For a non-isomorphism, consider 8086 assembly. What does "MOV" translate to? One thing that I found moderately amusing is that the same mnemonic and syntax translates to a different binary rendition when run through, say, MASM vs. DEBUG.
This is why I was careful to say that "Opcode mnemonics are
part of the syntax" and "there is a strict one between an 8080 opcode
and its operands." MOV itself could translate to multiple different opcodes; you need the operands in order to know the opcode.
Hmm, but when you do a LIST, you are effectively "de-compiling" the set of BASIC tokens back into a set of symbolic keywords. So, from a parsing perspective it just seems a lot of similar concepts: if your opcode or p-code is one byte, then you have a set of 256 symbols that get interpreted into some kind of operation or action.
No, tokenised BASIC is
very different from P-code. Tokenised BASIC is another form of source code; P-code is object code generated by a compiler that is one
implementation of a compilation of the the source code (out of many possible ones).
That there's a direct and easy isomorphism (performed by the tokeniser and the
LIST command) should make it clear that tokenisation is source code. And you can also observe that tokenisation does no checks of even syntax, much less semantics: you can type
10 =IF)7
into a C64, which will happily accept it, and show it back to you with
LIST, though this is nonsense as a BASIC program.
I'm just saying there is a reason BASIC became popular on those late 70s micros rather than something like FORTRAN or C.
Yes. And that would be because Paul Allen, Monte Davidoff and Bill Gates wrote MS-BASIC right at the start of the personal computer revolution, marketed it well, and sold enough of it early on that it essentially became a standard that soon (nearly) every manufacturer decided to follow.
They chose BASIC because it was what they happened to know; there were other options that were both more powerful and easier to implement, such as Lisp.
Implementing BASIC is similar to an assembler, in just being a kind of token-translator....
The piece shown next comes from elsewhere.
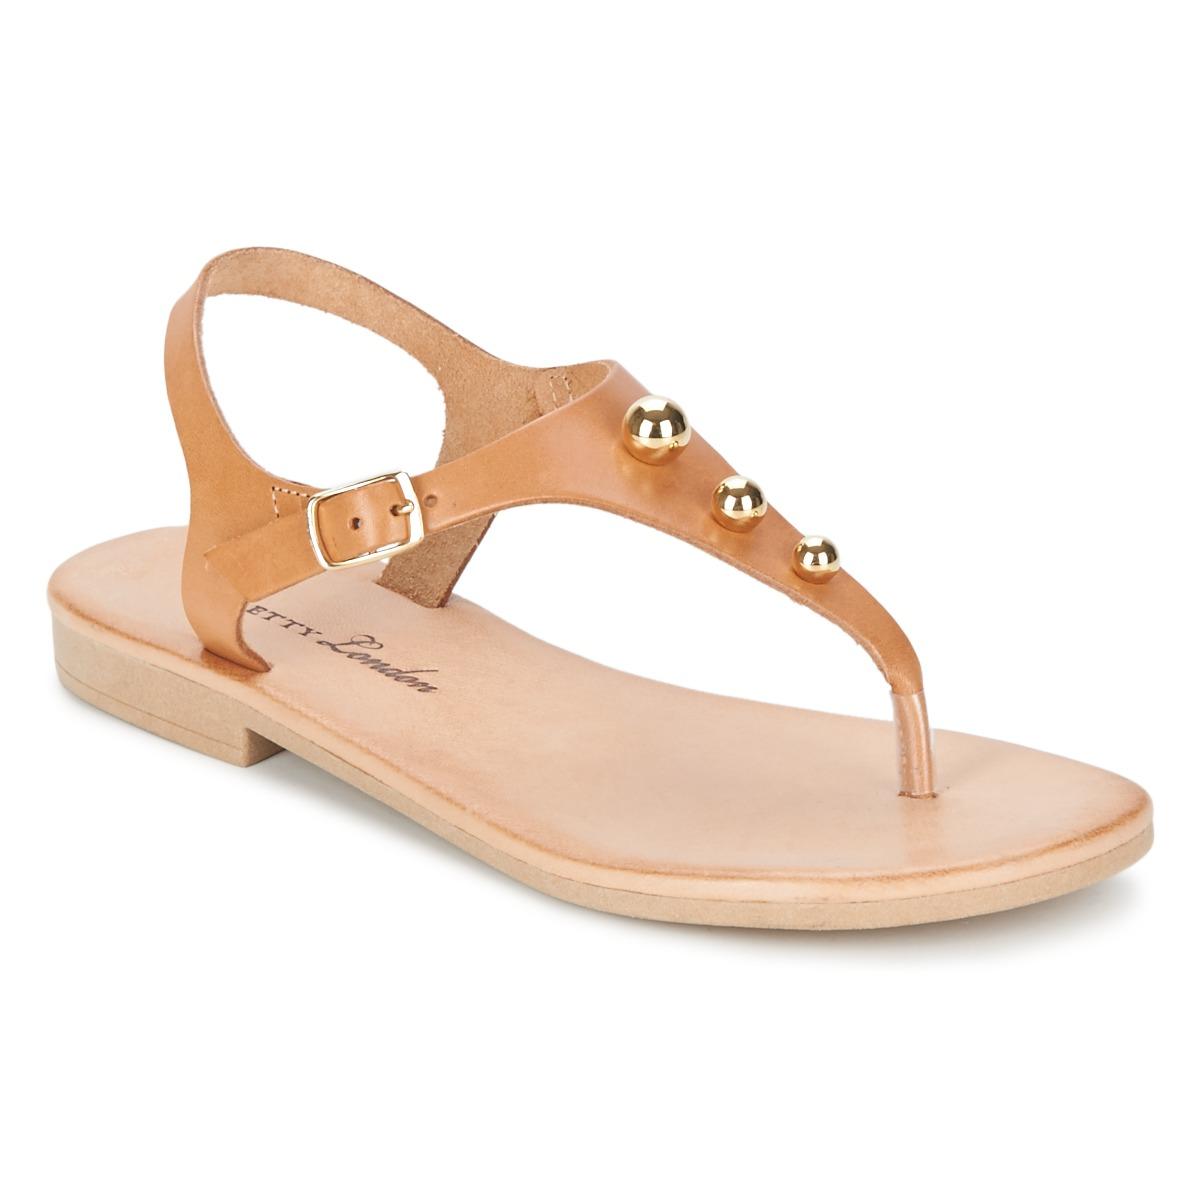 Sandals BT London VITALLA CAMEL

No, that's very, very wrong. To see why that's so wrong, write a little "token-translator" that can deal with something even as simple as:
Code:
10 J=0
20 GOSUB 100
30 END
100 IF J > 100 THEN RETURN
110 FOR I = 1 TO 3: J = J + I : NEXT
120 GOSUB 100
What you will come up with will be
very much different from an assembler.
Or just mentally think about how to implement a "real" high level language without a file system: you're parsing say 10KB of plain-text that's in RAM. That plain-text is parsed into multiple assembler files....
Well, yes, that would be very difficult, if you chose such a ridiculous way to implement it. Not even compilers with a file system available are quite so foolish.
If you're going to implement a compiled high-level language without a filesystem, you'd generally do it the same way assemblers without filesystems were done: you have an area of RAM for source code, another area of RAM for object code, and you directly assemble/compile the source to object code. There's no need for or point to a linker in such a situation; linkers are useful when you have library archives, which clearly you don't in that situation.
And, in fact, at last one (somewhat) high-level language was done in exactly this way. I can't recall the name of it now, but I believe it was something from Motorola designed for doing mathematical programs.